For pg_upgrade, when '--include-replication-slot' is specified, it
executes pg_dump
with added option and restore from the dump. Apart from restoring
schema, pg_resetwal
must not be called after restoring replicaiton slots. This is because
the command
discards WAL files and starts from a new segment, even if they are required by
replication slots. This leads an ERROR: "requested WAL segment XXX has already
been removed". To avoid this, replication slots are restored at a different time
than other objects, after running pg_resetwal.

~

4a.
"with added option and restore from the dump" --> "with the new
"--slot-only" option and restores from the dump"

~

4b.
Typo: /replicaiton/replication/

~

4c
"leads an ERROR" --> "leads to an ERROR"

======

doc/src/sgml/ref/pg_dump.sgml

5.
+ <varlistentry>
+ <term><option>--slot-only</option></term>
+ <listitem>
+ <para>
+ Dump only replication slots, neither the schema (data definitions) nor
+ data. Mainly this is used for upgrading nodes.
+ </para>
+ </listitem>

SUGGESTION
Dump only replication slots; not the schema (data definitions), nor
data. This is mainly used when upgrading nodes.

======

doc/src/sgml/ref/pgupgrade.sgml

6.
+ <para>
+ Transport replication slots.

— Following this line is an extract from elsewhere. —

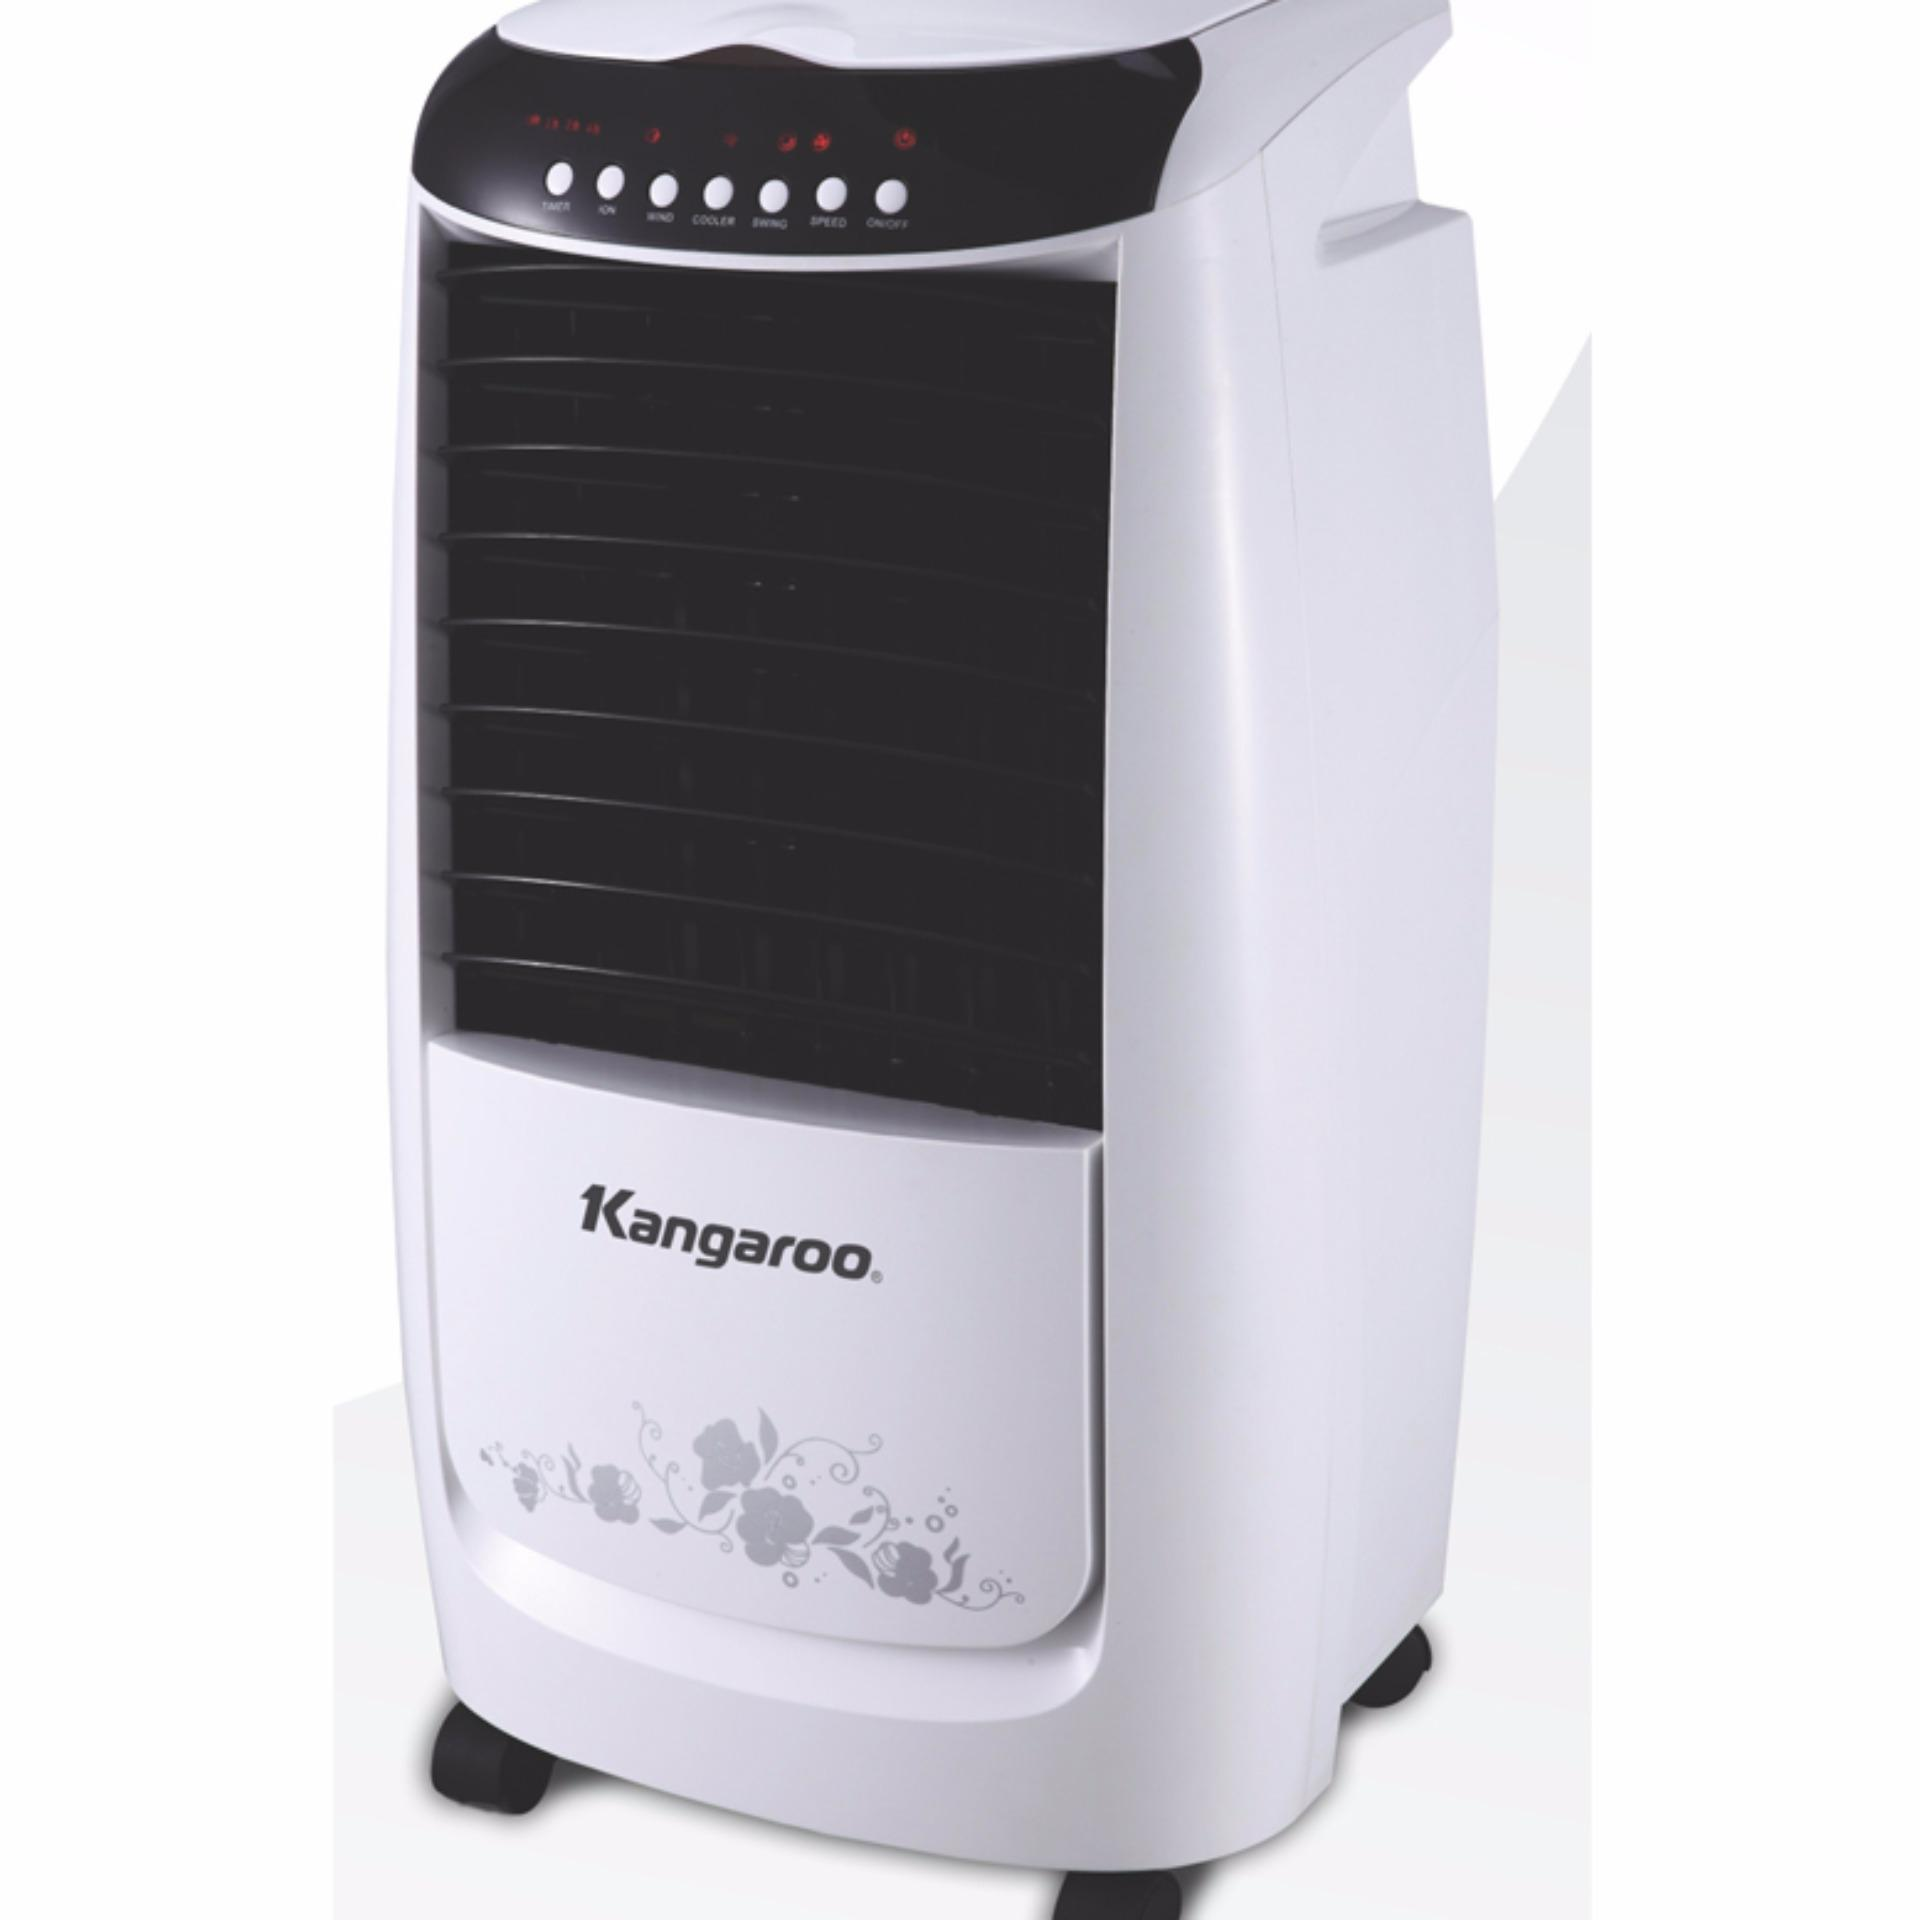 Perbandingan Harga Kangaroo Air Cooler Pendingin Ox 815n Oxone Ruangan Kg50f09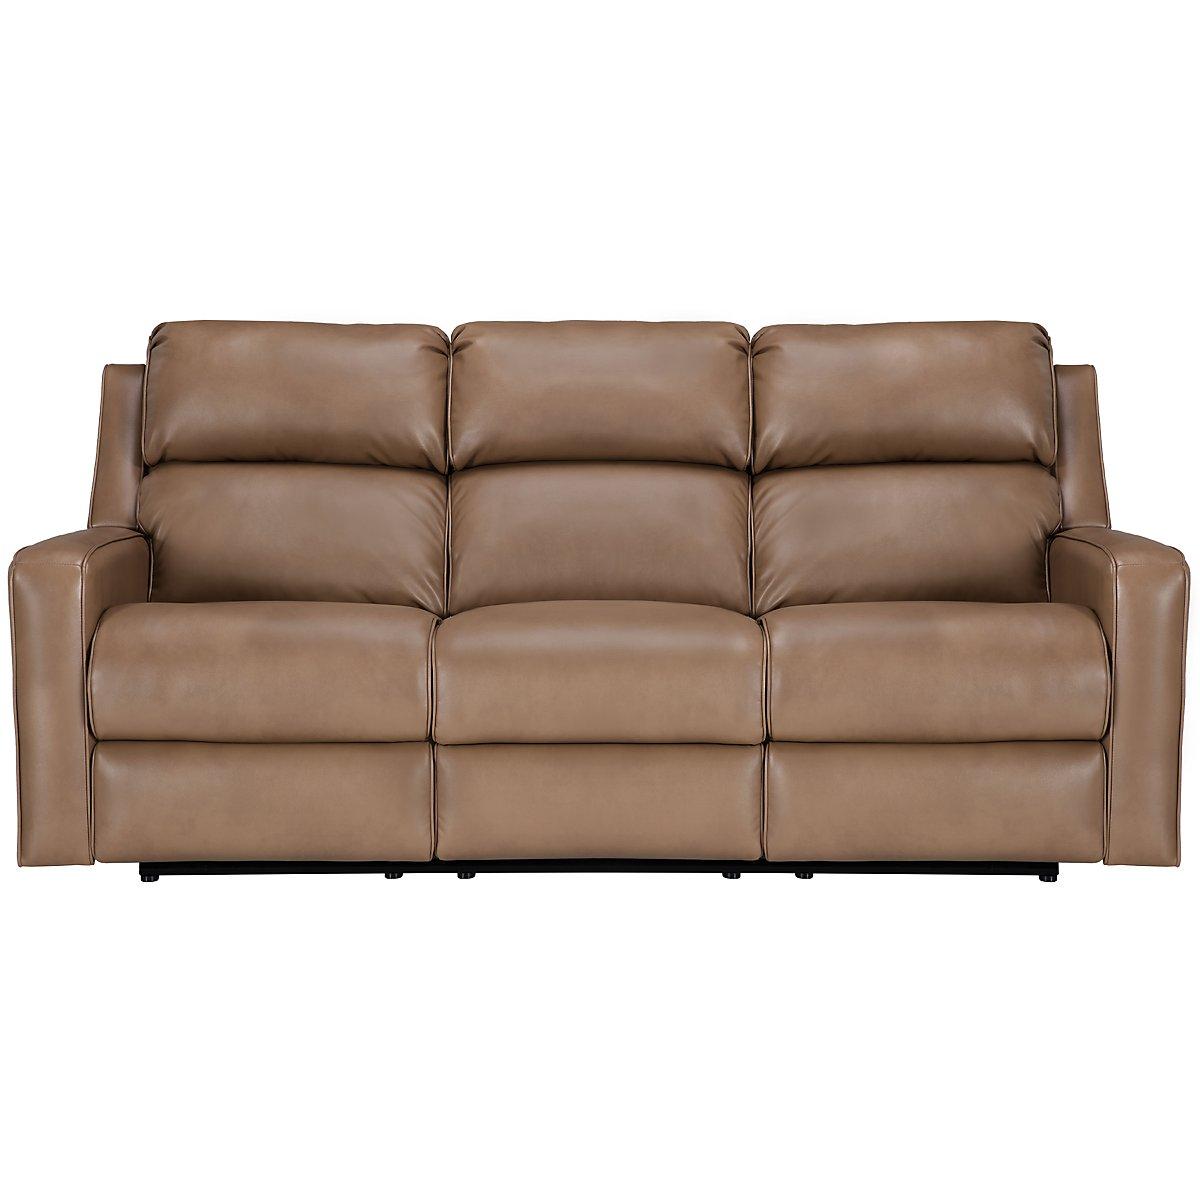 Rocco Dark Taupe Microfiber Power Reclining Sofa

Currently this can work only for logical
+ slots, and temporary slots are ignored. Note that pg_upgrade does not
+ check the installation of plugins.
+ </para>

SUGGESTION
Upgrade replication slots. Only logical replication slots are
currently supported, and temporary slots are ignored. Note that...

======

src/bin/pg_dump/pg_dump.c

7. main
{"exclude-table-data-and-children", required_argument, NULL, 14},
-
+ {"slot-only", no_argument, NULL, 15},
{NULL, 0, NULL, 0}

The blank line is misplaced.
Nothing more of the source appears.